Los Angeles, September 28, 2023

Reprinted from World Cinema Review (September 2023).

Cain Thompson | Coming Out / 2015

different

by Douglas Messerli

 

Cain Thompson (screenwriter and director) Coming Out / 2015 [11 minutes]

 

Since the millennium a new genre has risen to which I have increasing hostility. These films usually begin as pretend gay narratives based on the coming out genre. The most common of these deal with a young man, locked in an all-gay world, in which he is finally determined to come out as straight.

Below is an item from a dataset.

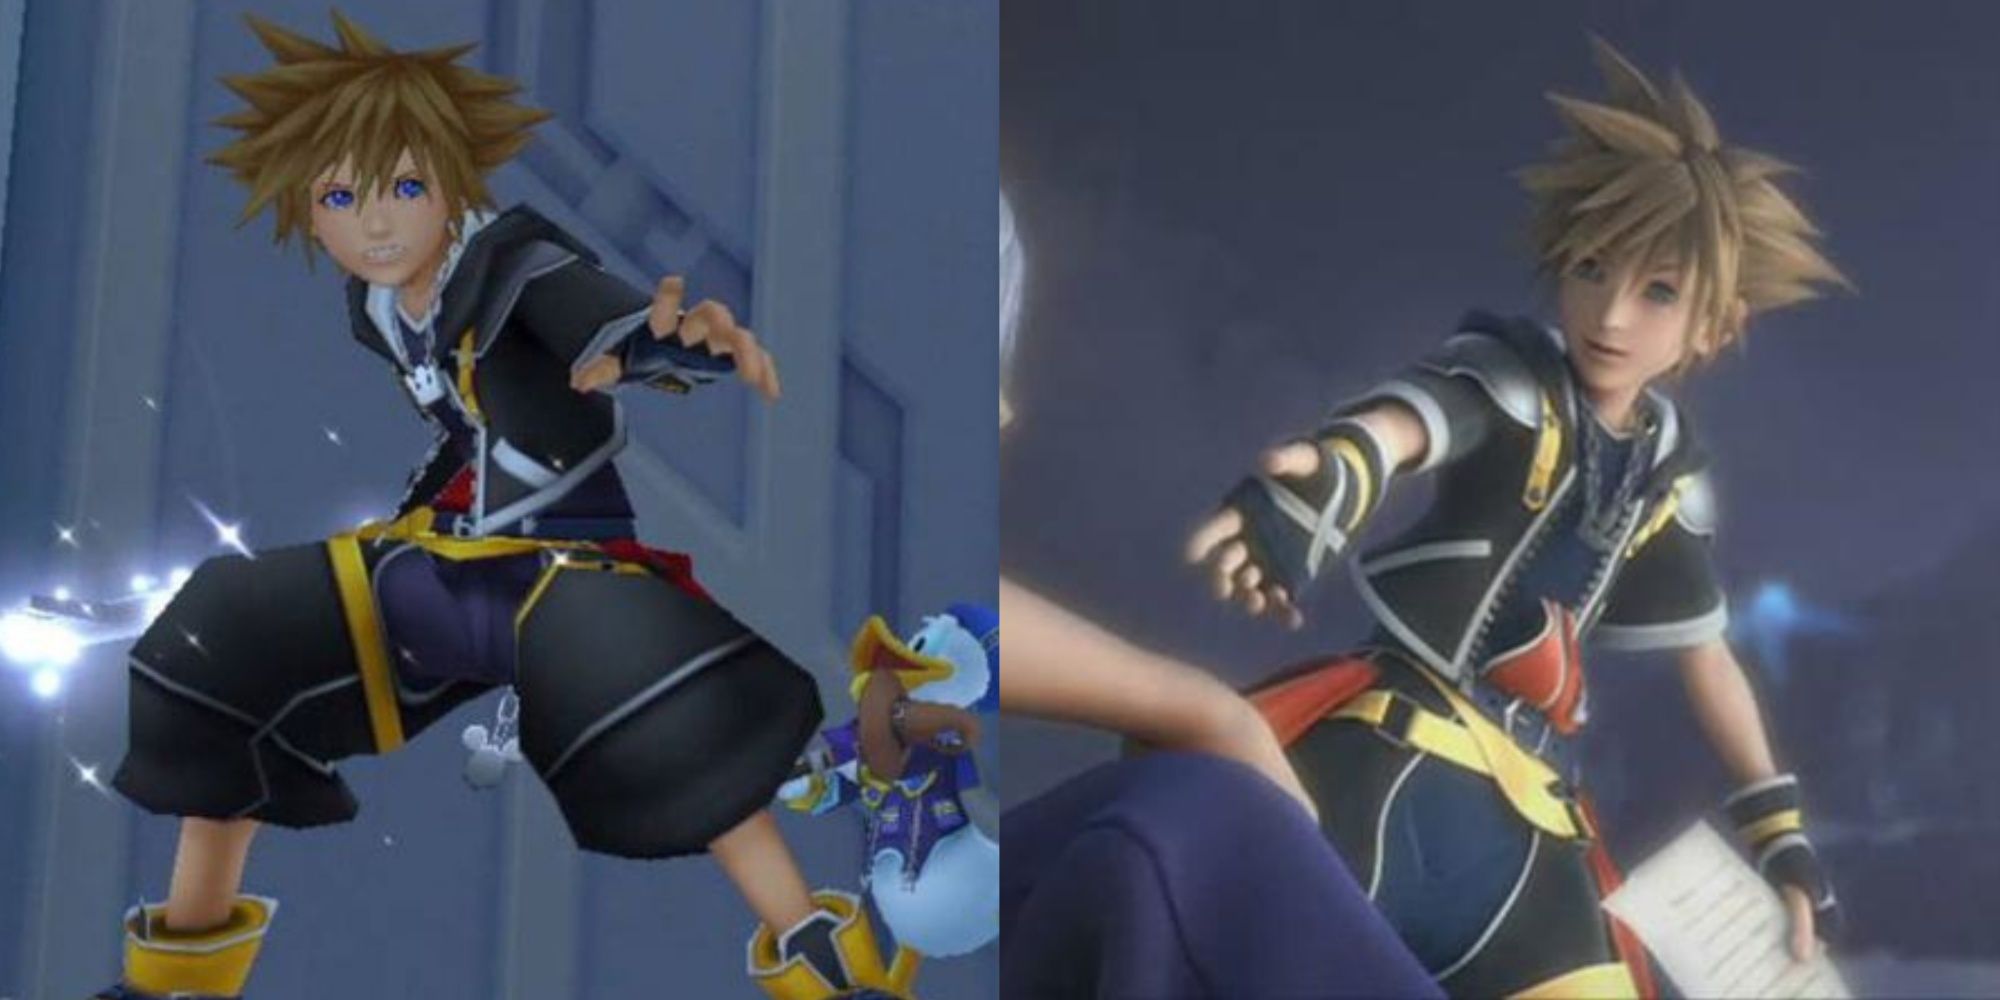 Split images of Sora in Kingdom Hearts 2

     One can understand the writer’s and director’s good intentions in short films such as Different (2004) and Straight Out (2011), that by reversing the world order regarding sexuality, these creators imagine straight folk, put into the same conditions that LGBTQ people experience every day, presumably might witness the hypocrisy of attempting to demand gender and sexual norms.

     However, since these films are seen primarily in gay film festivals, one has to wonder how many heterosexuals actually get the chance to experience these straight dystopias. Moreover, the presumption in these films is that nearly all is focused on the choice of the other, the desire for gender, which is not at all the full vision of either the heterosexual or the homosexual worlds. Attraction to the same sex is only one small (if highly important) aspect of gay behavior and desire. Accordingly, in their simplistic dystopian fantasies, these “reversal” films are just as stereotypical, in some respects, as heterosexual films have been regarding LGBT behavior.

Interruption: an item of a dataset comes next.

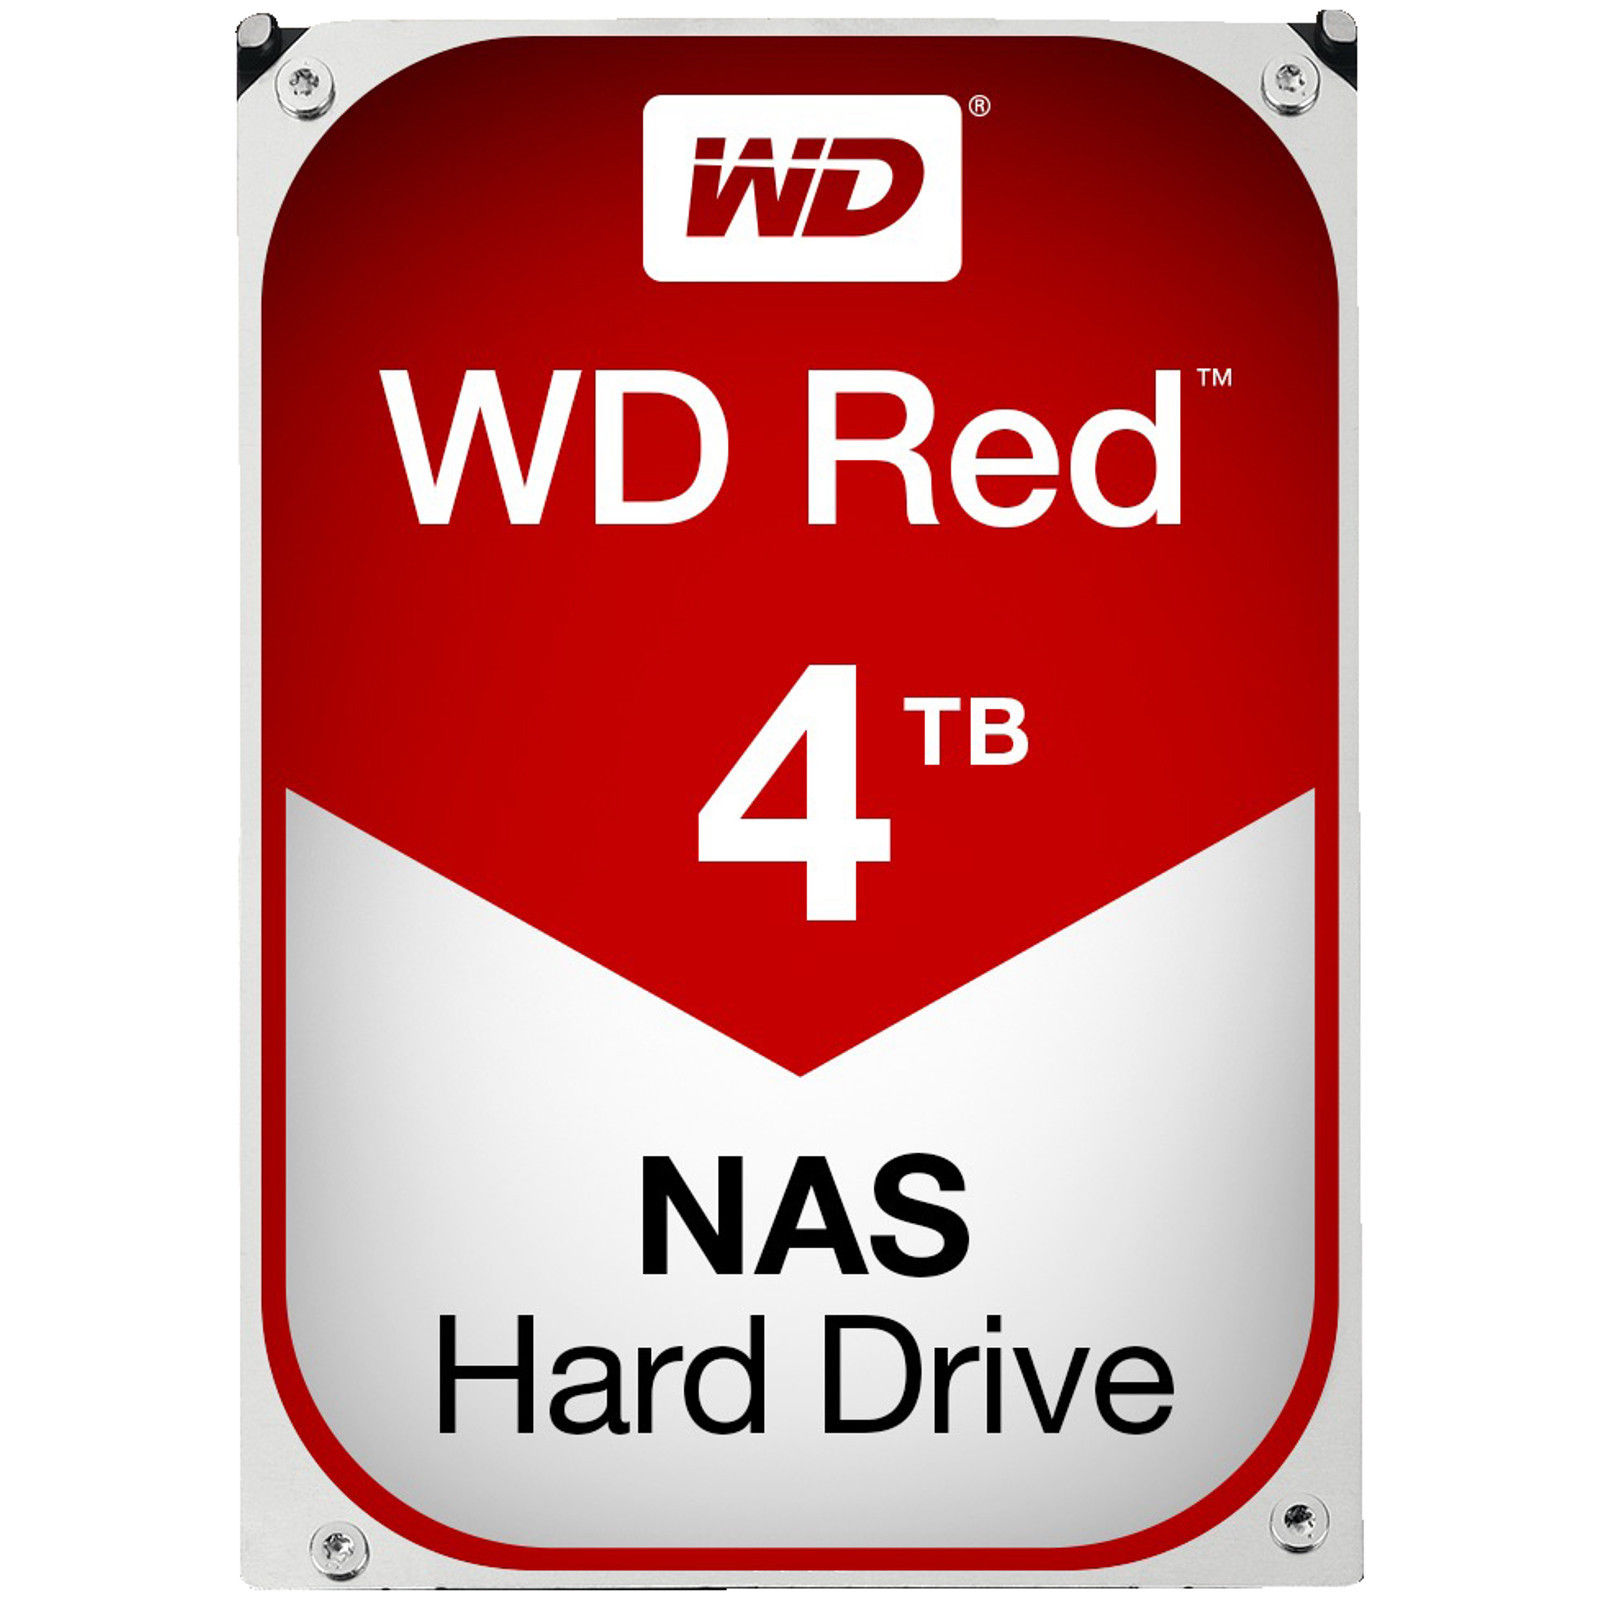 Bild zu [nur bis 9 Uhr] Interne Festplatte 3,5 Zoll Festplatte Western Digital Red [4 TB] für 139€

     Even so, I wasn’t quite prepared for the game-playing involved in Australian director Cain Thompson’s 2015 film Coming Out, which purposely leads its gay audiences astray into totally heterosexual territory, and does not at all belong in the list of LGBTQ films, even if it pretends to do so.

    In this ruse, Thompson presents an absolutely horrific family, who take delight daily evidently—father Keith Agius), mother (Sanda Eldridge), sister and her boyfriend, and even our so-called “hero’s” girlfriend—in homophobic statements and humor.



    The central figure, Blain (Cain Thompson) is a hirsute, handsome construction worker who appears to be spending early after-work hours with another man, arousing the curiosity and even wrath of his girlfriend. Even the man with whom he delightfully meets each afternoon wonders

when Blain is going to tell is family.

     Thompson has readied us, accordingly, for the usual encounter, for which his family even seems prepared. When Blain begins his “serious discussion,” one of them even jokes that he’s going to tell us that he’s gay, as if this homophobic cluster of losers have also been watching the dozens of gay-coming out movies I have suffered through.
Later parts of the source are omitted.